__GOAL OF THE EXERCISE__: Without copying any picture, return all lines below exactly.

__DATA SEGMENT__:
▬▬▬▬▬▬▬▬▬▬

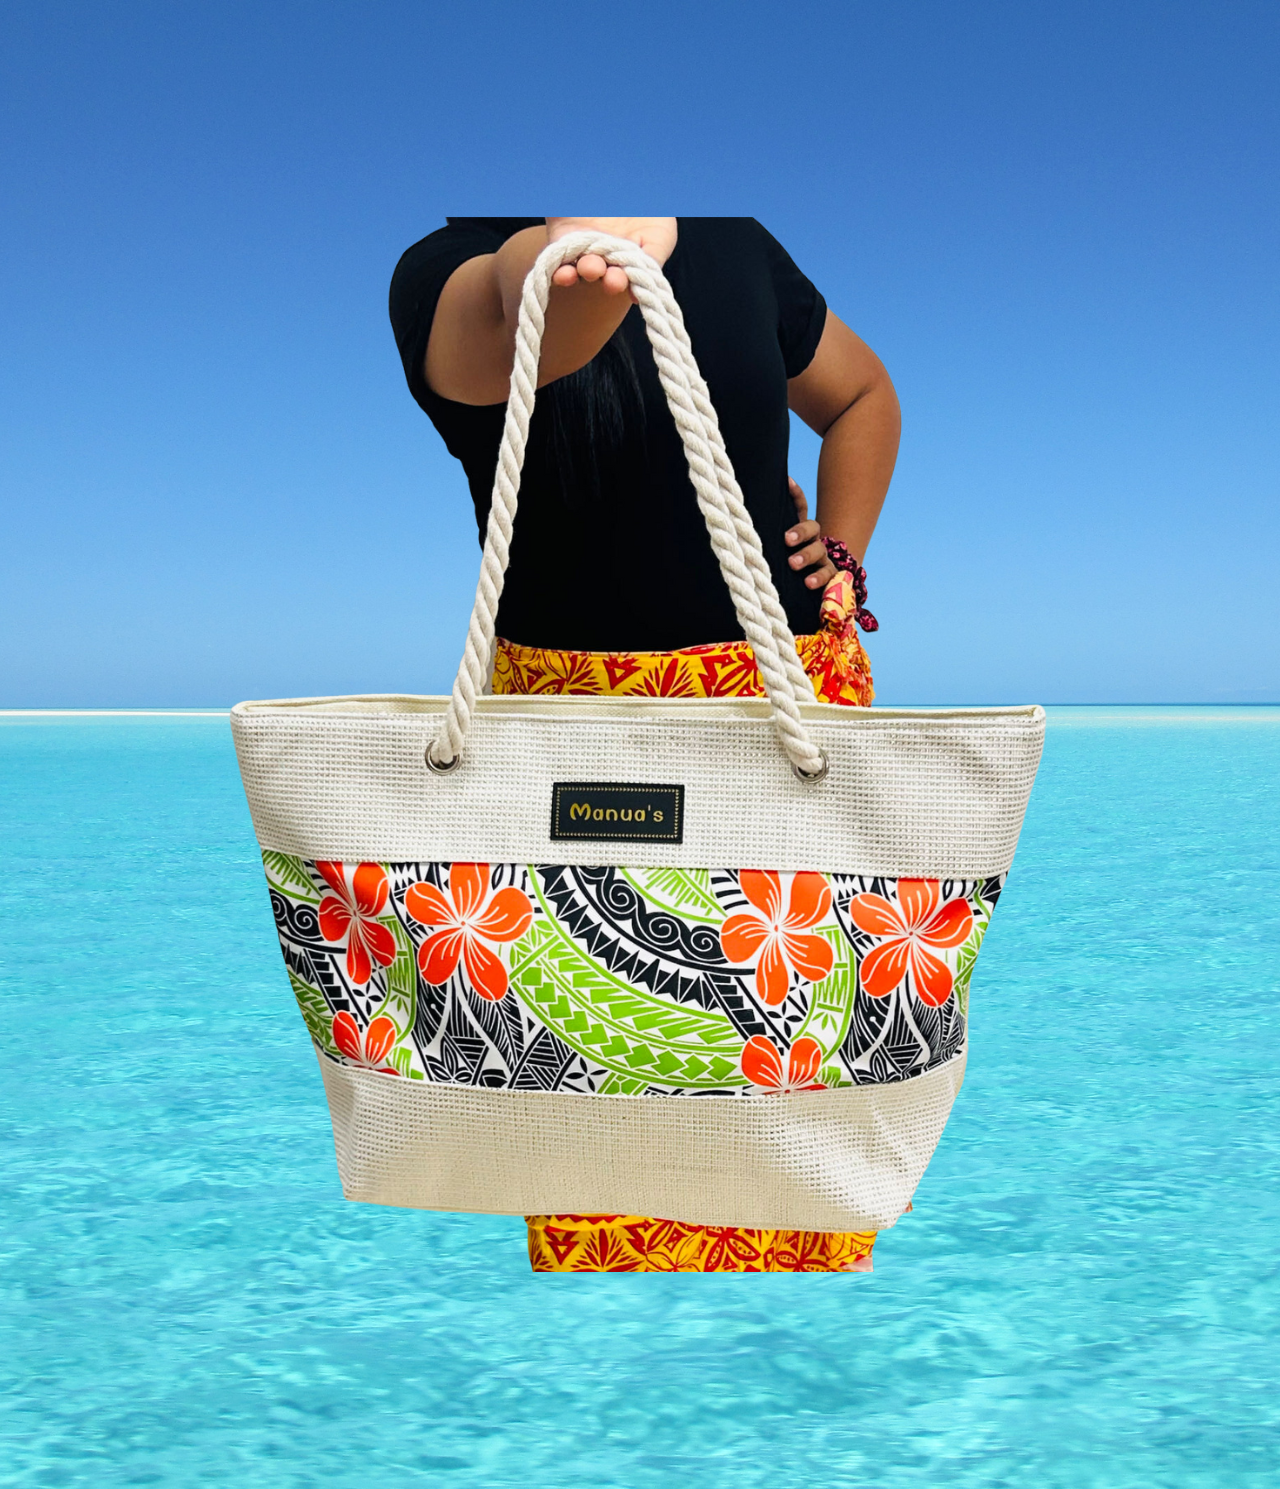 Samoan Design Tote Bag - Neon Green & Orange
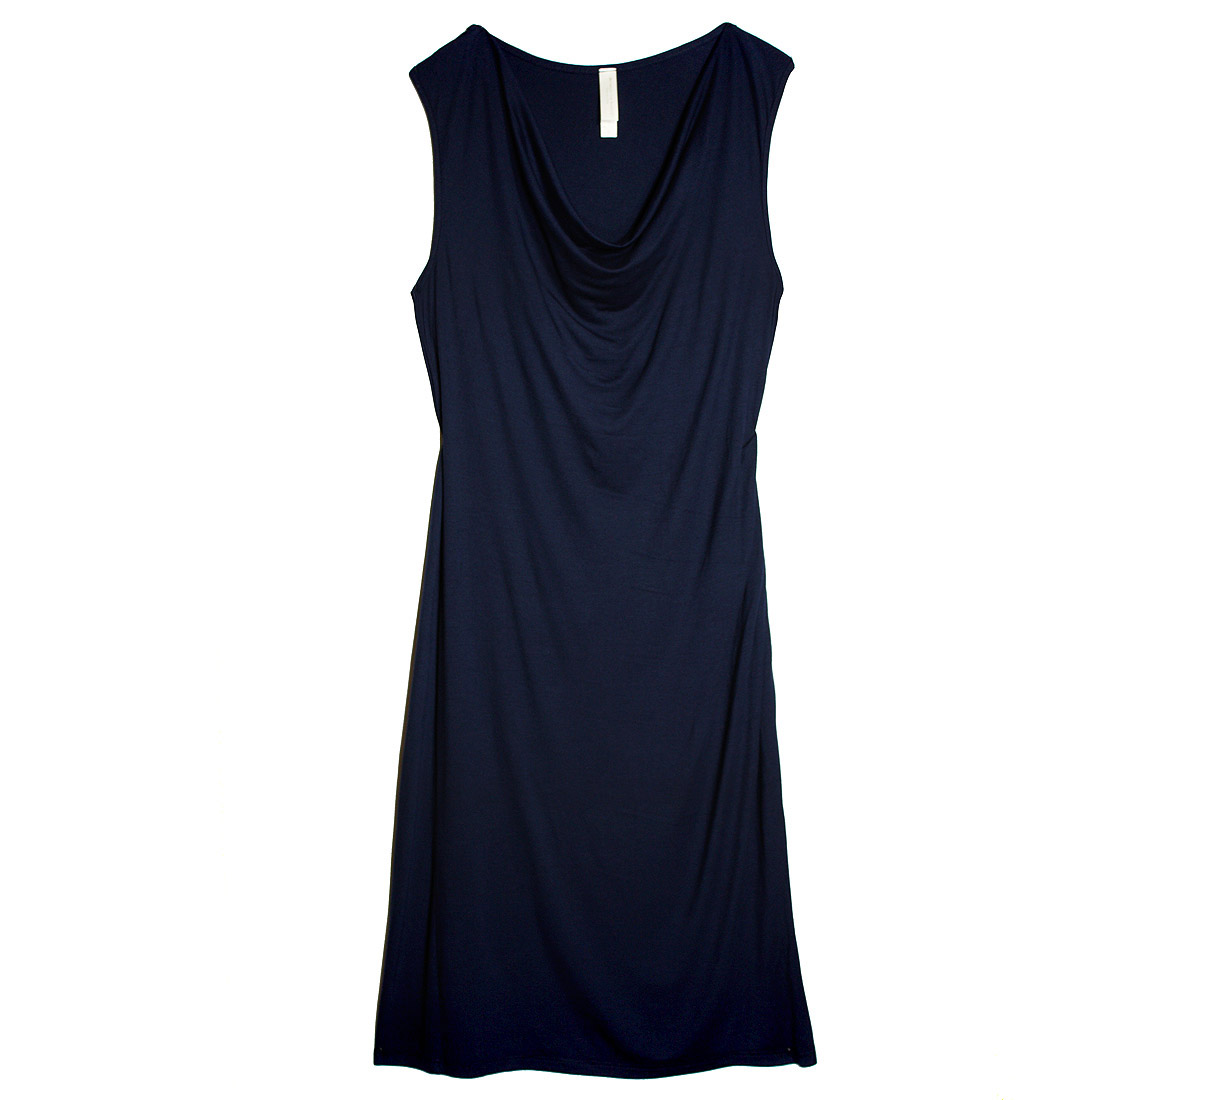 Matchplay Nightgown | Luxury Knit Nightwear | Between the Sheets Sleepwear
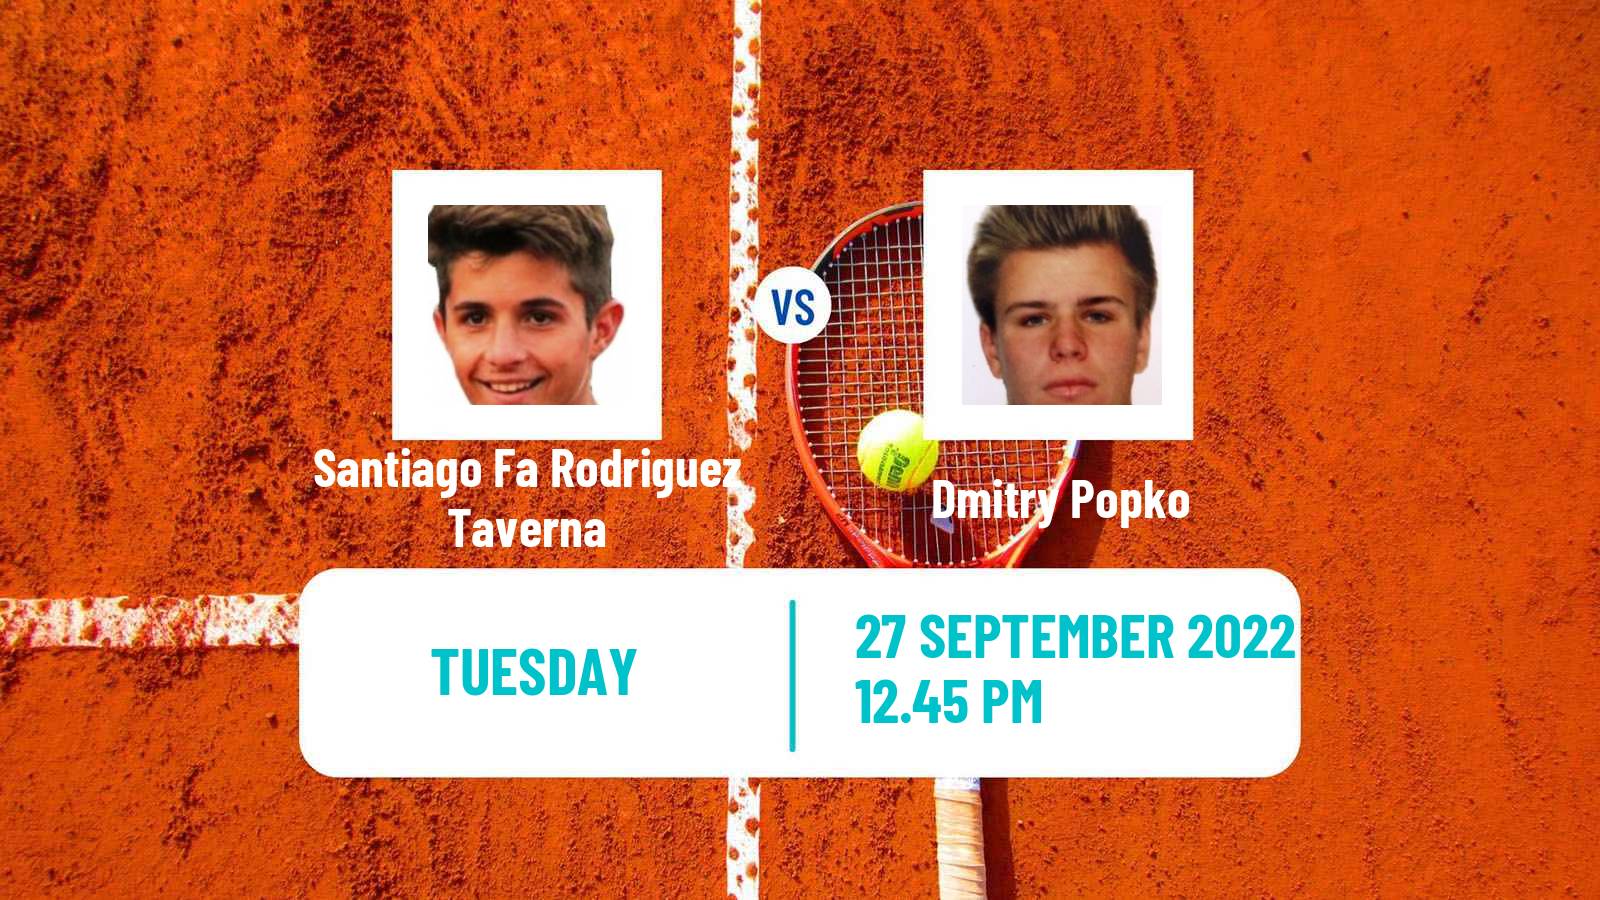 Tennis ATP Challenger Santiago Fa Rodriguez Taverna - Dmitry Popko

▬▬▬▬▬▬▬▬▬▬

__RESULT__:
 Samoan Design Tote Bag - Neon Green & Orange
 Matchplay Nightgown | Luxury Knit Nightwear | Between the Sheets Sleepwear
 Tennis ATP Challenger Santiago Fa Rodriguez Taverna - Dmitry Popko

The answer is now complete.